À mi-chemin de « Deux femmes », une comédie sexuelle franco-canadienne fringante, Florence (Karine Gonthier-Hyndman) partage un peu de sagesse avec sa nouvelle amie, Violette (Laurence Leboeuf). Elle proclame que la monogamie a été inventée par les hommes, avec peu d’avantages pour les femmes censées rester à leurs côtés. Les deux femmes, voisines d'un immeuble coopératif écologique à Montréal, ont du mal à en voir les avantages.
Réalisé par Chloé Robichaud, « Deux femmes » est un remake de la farce sexuelle du cinéaste canadien-français Claude Fournier de 1970 « Deux femmes en or ». Il est facile d'espionner les origines datées du film. Ni Florence ni Violette n'ont de travail, du moins pour le moment, et elles passent leurs heures à la maison à déplorer leur libido contrariée et l'injustice du patriarcat.
Les femmes initient une forme mineure de protestation contre les mœurs traditionnelles lorsqu’elles commencent à coucher avec des bricoleurs – des inconnus engagés dont elles transforment les visites en séductions. C'est une solution créative à la vie de femme au foyer, le problème qui n'a pas de nom de Betty Friedan.
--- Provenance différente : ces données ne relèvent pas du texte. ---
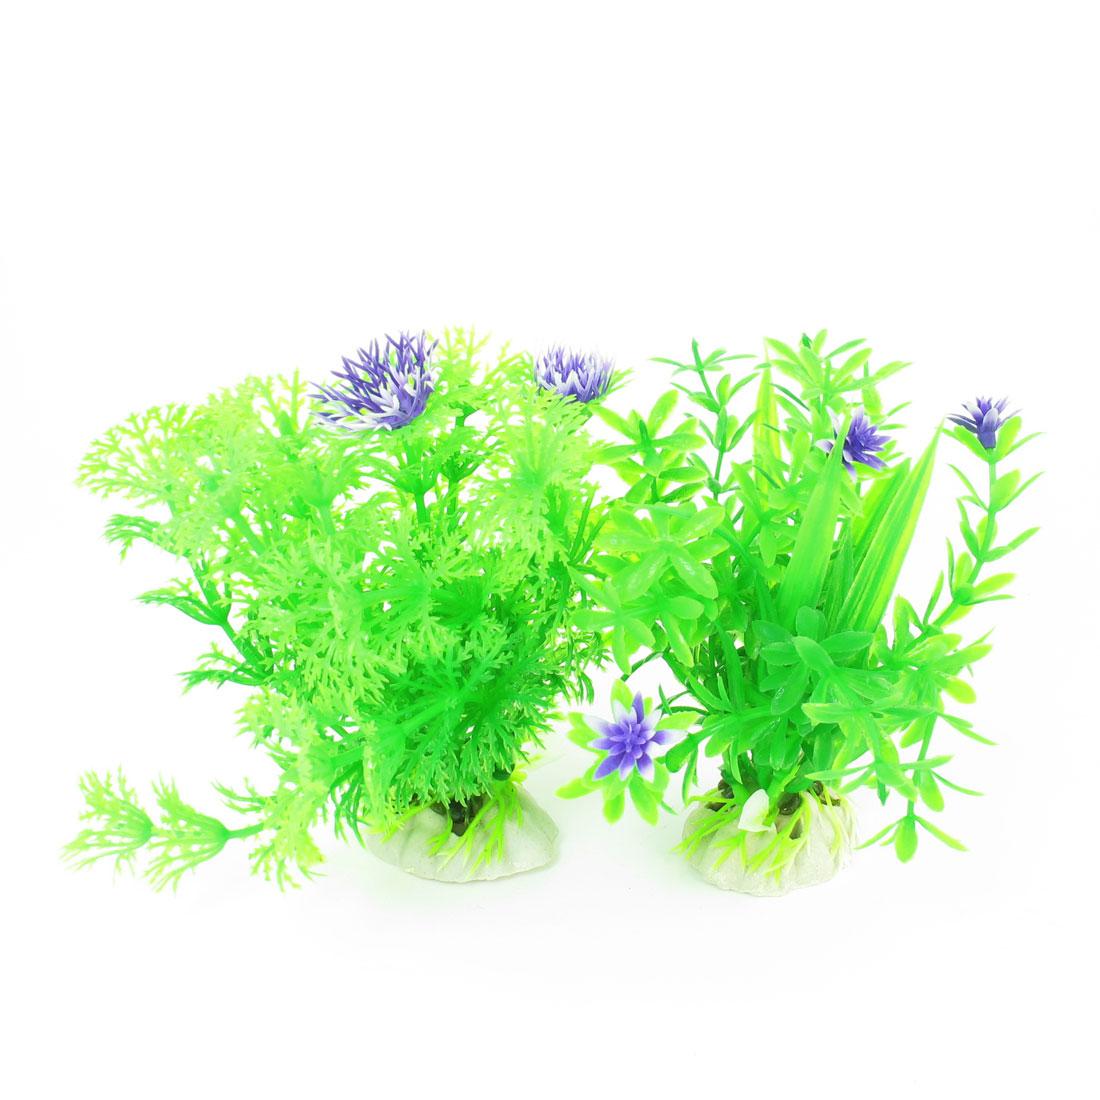 "2 Pcs Green Purple Emulational Fish Tank Aquarium Grasses Decor 4.1"" High"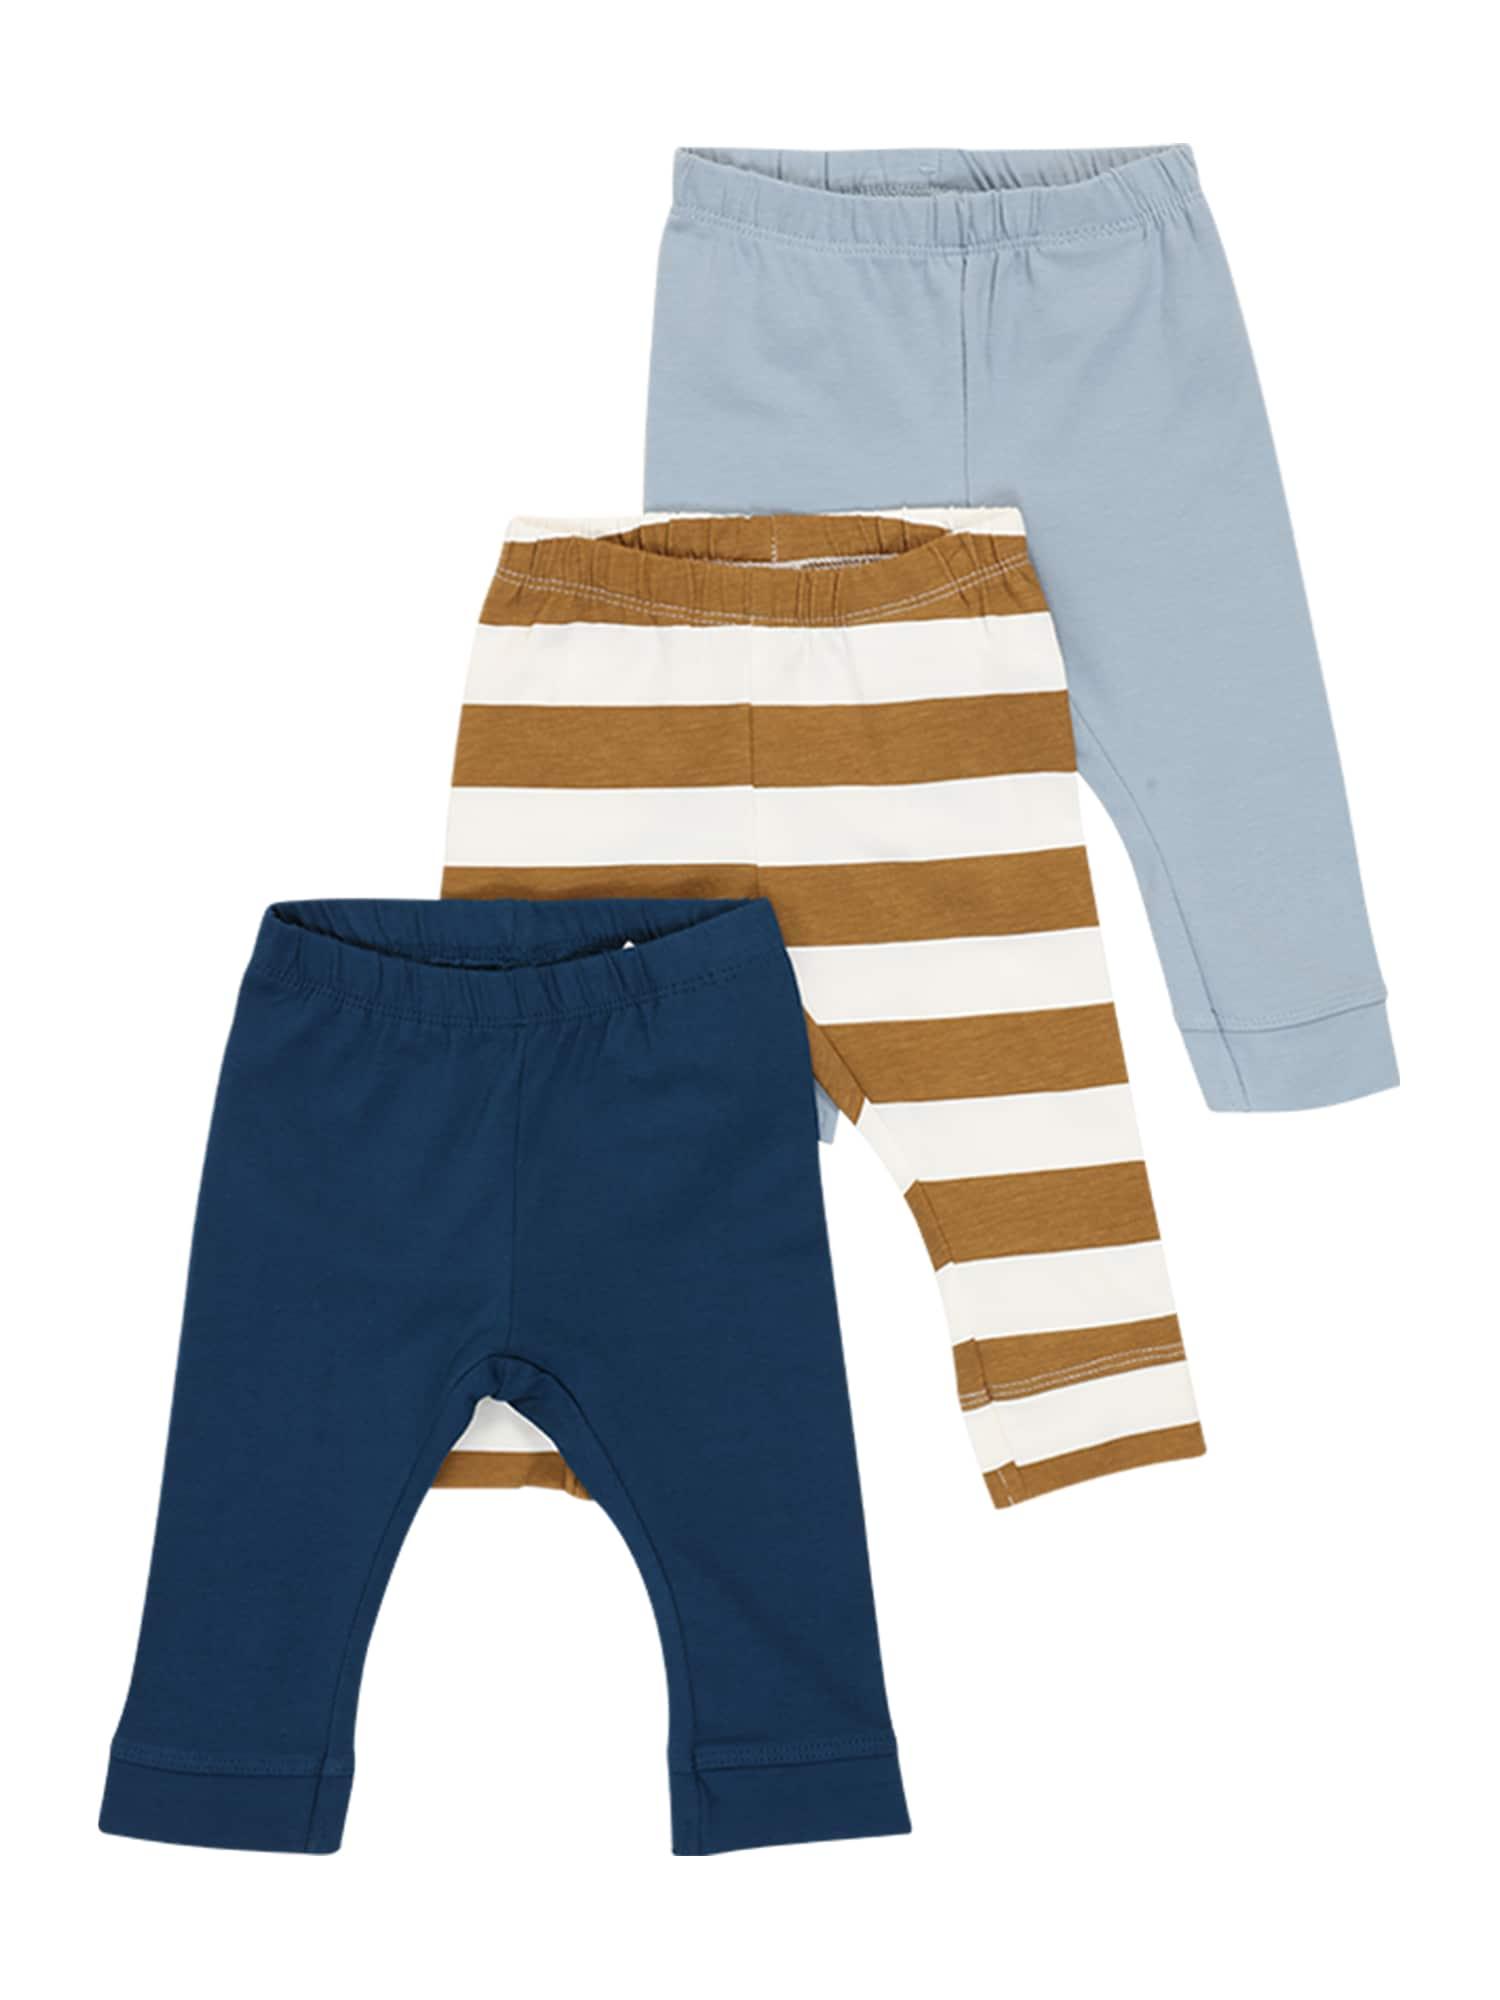 NAME IT Miego kostiumas 'John' balta / ruda / šviesiai mėlyna / tamsiai mėlyna

Le film aurait pu s'enfoncer plus profondément dans ce groove, explorant comment les rencontres aléatoires font plaisir aux femmes tout en les laissant agitées. Mais Robichaud choisit d'associer les scènes de sexe ludiques à des réunions coopératives banales sur les initiatives écologiques défaillantes de leur immeuble. Elle semble prendre note des hypocrisies épineuses de la vie moderne, du défi de suivre une ligne sans cesse redessinée.
En fin de compte, « Two Women » est moins un film à message qu’une comédie poids plume, faisant signe de grandes idées sur la politique sexuelle avant de s’installer comme une diversion amusante et espiègle.
Deux femmes
Non noté. En français, sous-titré. Durée : 1h40. Dans les cinémas.